Efficient backward decoding of high-order hidden Markov models

摘要

The forward–backward search (FBS) algorithm [S. Austin, R. Schwartz, P. Placeway, The forward–backward search algorithm, in: Proceedings of the IEEE International Conference on Acoustics, Speech and Signal Processing, 1991, pp. 697–700] has resulted in increases in speed of up to 40 in expensive time-synchronous beam searches in hidden Markov model (HMM) based speech recognition [R. Schwartz, S. Austin, Efficient, high-performance algorithms for N-best search, in: Proceedings of the Workshop on Speech and Natural Language, 1990, pp. 6–11; L. Nguyen, R. Schwartz, F. Kubala, P. Placeway, Search algorithms for software-only real-time recognition with very large vocabularies, in: Proceedings of the Workshop on Human Language Technology, 1993, pp. 91–95; A. Sixtus, S. Ortmanns, High-quality word graphs using forward–backward pruning, in: Proceedings of the IEEE International Conference on Acoustics, Speech and Signal Processing, 1999, pp. 593–596]. This is typically achieved by using a simplified forward search to decrease computation in the following detailed backward search.
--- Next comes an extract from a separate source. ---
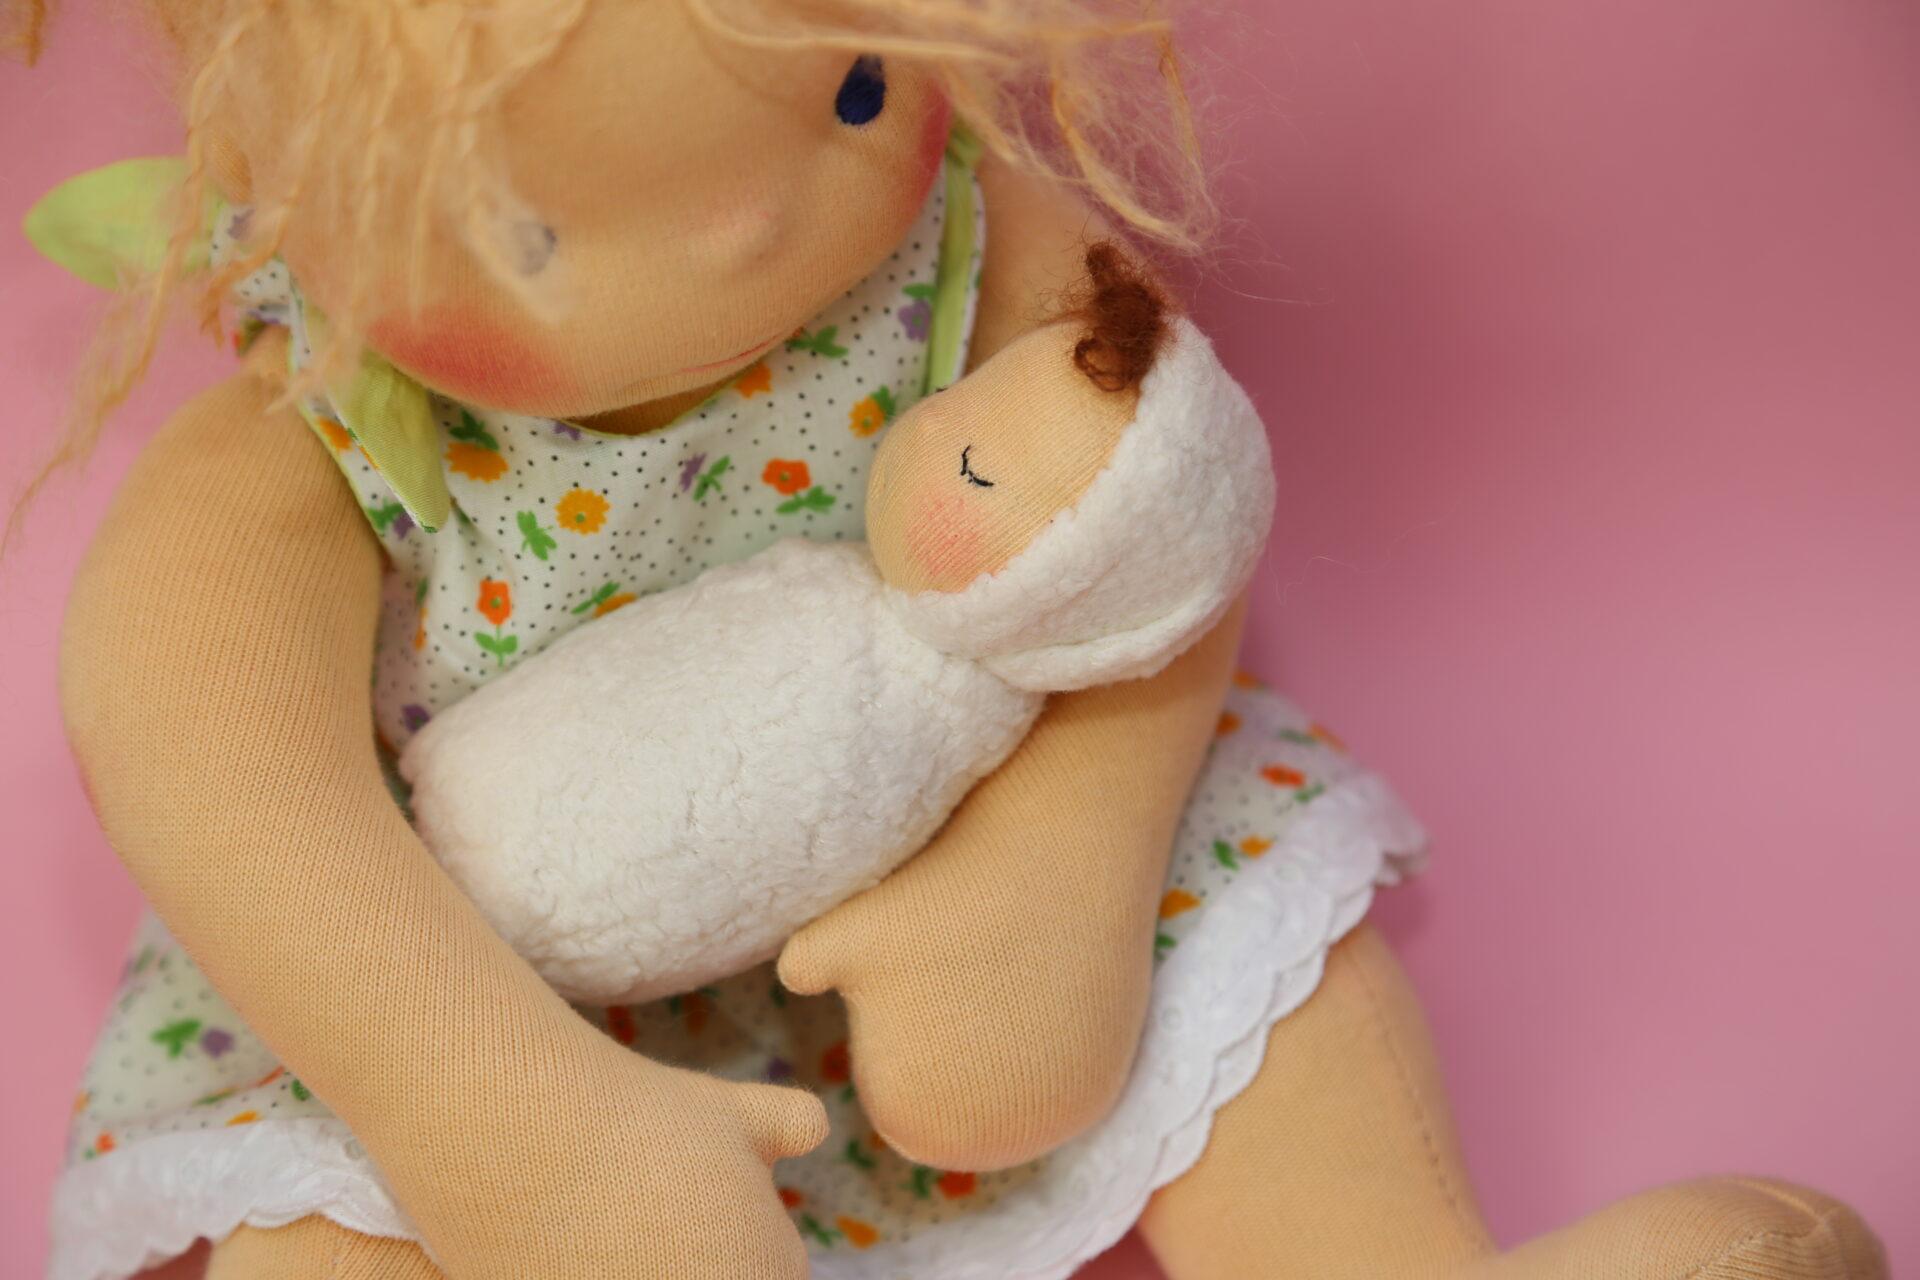 waldorfská panenka s malou panenkou v náručí, panenky s duší, ekopanenky

FBS implicitly assumes that forward and backward searches of HMMs are computationally equivalent. In this paper we present experimental results, obtained on the CallFriend database, that show that this assumption is incorrect for conventional high-order HMMs. Therefore, any improvement in computational efficiency that is gained by using conventional low-order HMMs in the simplified backward search of FBS is lost.This problem is solved by presenting a new definition of HMMs termed a right-context HMM, which is equivalent to conventional HMMs. We show that the computational expense of backward Viterbi-beam decoding right-context HMMs is similar to that of forward decoding conventional HMMs. Though not the subject of this paper, this allows us to more efficiently decode high-order HMMs, by capitalising on the improvements in computational efficiency that is obtained by using the FBS algorithm.